ところが、これまでの研究成果も形なしと思わせるほど未知の部分が多い作家も、また李人稙なの
である。作品論に比べて作家論はずっと貧弱であり、彼は韓国近現代文学史を通しておそらくもっと
もミステリアスな作家と言っても過言ではない。その理由はいろいろ考えられる。名門出身でないこ
と、貧しい家柄であること、近代的な教育制度が施行される以前に青年期を送ったことなどは、彼の
名前が記録に残ることを妨げたはずである。なによりも彼の強い「親日経歴」が、それにかかわる多
くの痕跡や記録を消したし、我々みずからが廃棄した可能性も高い。
最近、何人かの研究者によって李人稙についての新たな論議が提起されている。1896 年 2 月の露
館播遷による親日内閣崩壊のあと趙重應とともに日本に亡命したこと、『血の涙』を改作した『牡丹
峰』の発掘、1900 年に官費留学生になったのは日本に滞在中であったことなどが、最近提起あるい
は確認された事実である。しかし、1896 年の亡命説が事実だとしても、李人稙についての研究が大
きく進捗したとは言いがたい。李人稙の 54 年の生涯のうち、断片的な事実を通して知りうるのは 20
年に過ぎないからだ。とくに現在まったく知られていない期間が、個人の世界観と人格が形成される
30 代半ば以前であることを考えると、李人稙は解明すべき点がまだきわめて多い作家だといえる。
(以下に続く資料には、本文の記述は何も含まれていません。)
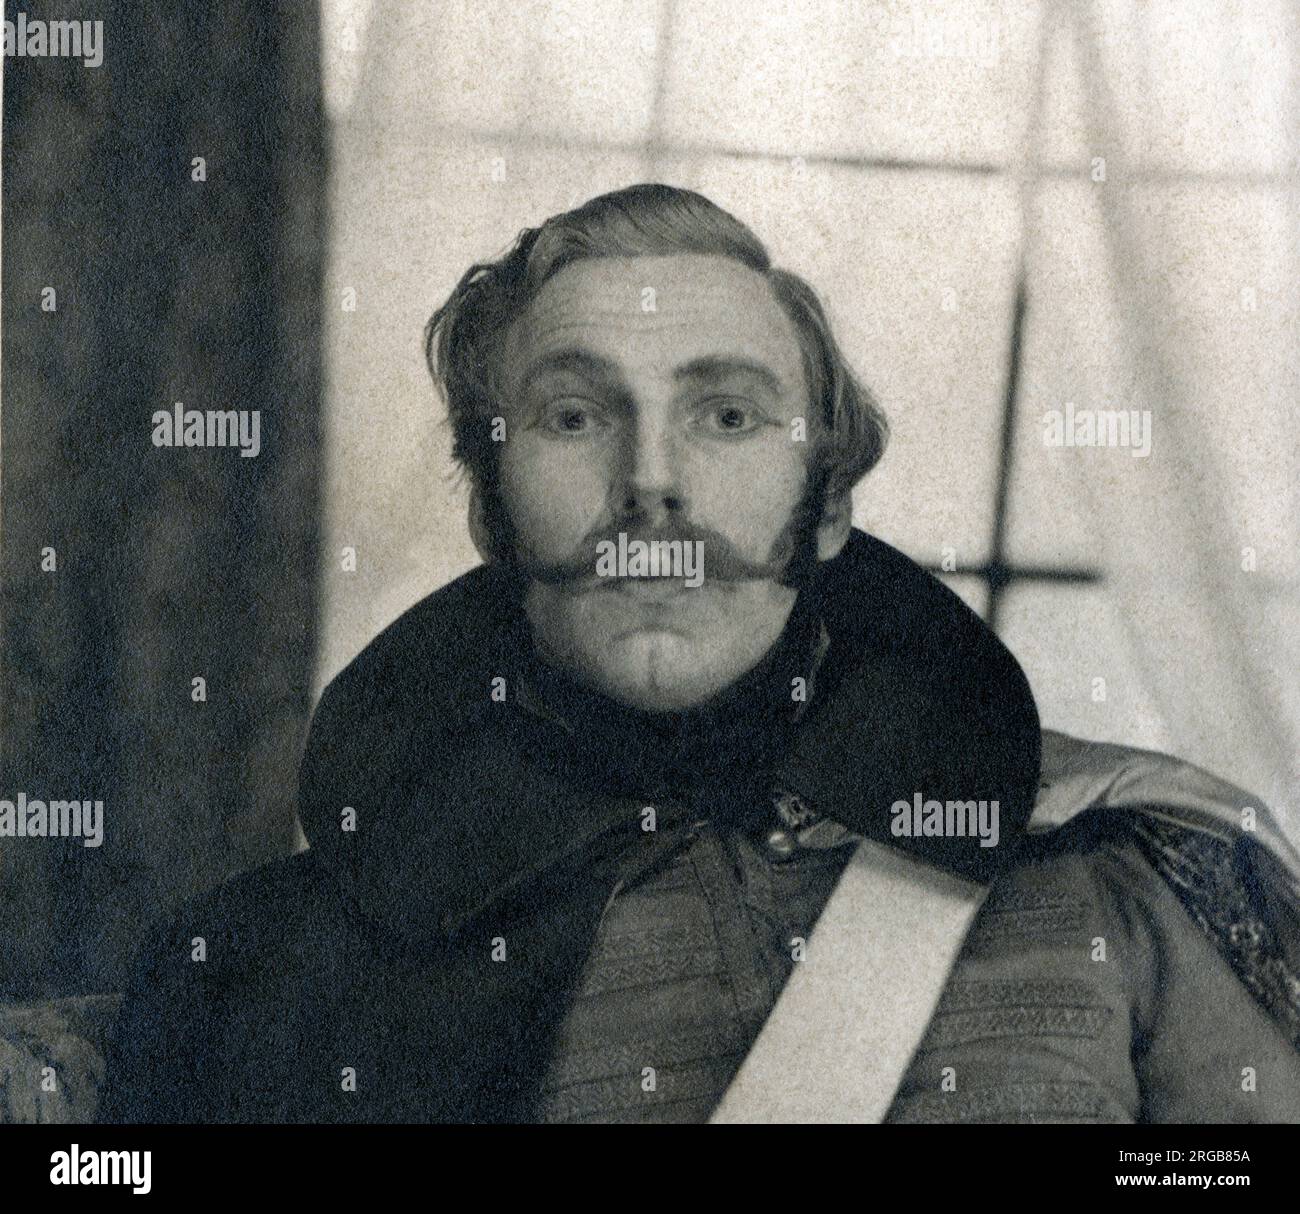 An unnamed actor in early to mid 19th century military costume poses for a studio photograph. The photograph was taken in late November, so possibly he was about to appear in a Christmas show/pantomime? Stock Photo

現在のところ知られている 24 年間(1896~1916)についての事実にも問題が多い。その詳細がはっ
きりしていないからだ。1896 年亡命説が事実だという前提に立って話を進めるとして、1896 年の亡
命のとき李人稙がどんな役割を果たしたのか、彼が通ったという東京政治学校はどんな学校で、彼は
この学校で何を学んだのか、そもそも本当に通ったのか、どうやって官費留学生になったのか、日本
の『都新聞』の見習いはどういうものだったのか、何がきっかけで、どんな過程を踏んで日露戦争に
従軍したのか、また『万歳報』『帝国新聞』『國民新報』『大韓新聞』などの言論人としての具体的
な役割や李完用と趙重應ら親日官僚との関係など、どれ一つ取ってもはっきりしたことは不明で研究
もなされていない。研究のほとんどは、作品に現われた親日的要素を中心に、李完用の秘書として日
韓併合の工作に大きく関与したなど、親日政治家としての姿を強調するのみである。
現在、李人稙という人物の研究において核心をなしていると思われる資料は、1907 年に彼が直接
作成した『大韓帝国官員履歴書』である。李人稙を解明するにあたってほぼ唯一といえるこの履歴書
には、それでも 1900 年以後のことが記録されている。しかし、李人稙自身が作成したこの資料につ
いては大きな問題点がある。作成者本人が書きたいことだけを恣意的に書いた可能性を排除できない
からだ。現在のように履歴書に記載した事項に証拠書類を添付しない状況において、自分に不利な事
項、無理に明らかにしなくてもよい事項は書かない、あるいは事実と違うことを書いても大丈夫であ
る。違うことを故意に記載した場合、違っていることを証明できる客観的資料とか周辺人物らの証言
があればいいが、李人稙は残念ながらそういうものがない。
本研究はまさにこの地点から出発する。未知の領域である 1896 年以前の行動や、李人稙を再評価
しうる決定的な内容に関するものではない。これまで特に疑うことなく論議してきたことを再検討し、
特定期間の李人稙の行動を追跡してみようというのである。具体的には、李人稙が通った唯一の学校
である東京政治学校と日韓併合直前の李人稙の訪日について検討する。
あらかじめお断りしておくが、本稿で提示するのは確認された事実ではなく推論の水準であり、李
人稙の具体的な行動を確認しただけであって、詳しい内容とそれが持つ意味までは進むことはできな
かった。したがって本稿は完成した論文の論議や形式を備えてはいない。また本研究の目的は、あく
までも韓国近代小説史における李人稙とその作品がもつ意味をより客観的に考察することにあり、好
事家的な趣味や関心から個人の行動を調査するようなものではないことを明らかにしておく。
2.東京政治学校について
現在、小説をはじめとする文筆活動および言論人と政治家としての李人稙のすべての活動の起点は、
彼の日本滞在経験であるとされている。とりわけ東京政治学校での修学と『都新聞』における見習い
がその中心である。李人稙はこの二つの場所での経験を通して、文学と社会科学などさまざまな近代
学問を学び、新聞主筆や小説家として活動するために必要とされる知識を習得したのである。『都新
聞』での見習いは、彼がこの新聞に発表したいくつかの文章によって確認されるし、東京政治学校は
彼の履歴書と 1910 年の日韓併合当時に朝鮮統監府の外事局長をつとめた小松緑の回顧録に登場する。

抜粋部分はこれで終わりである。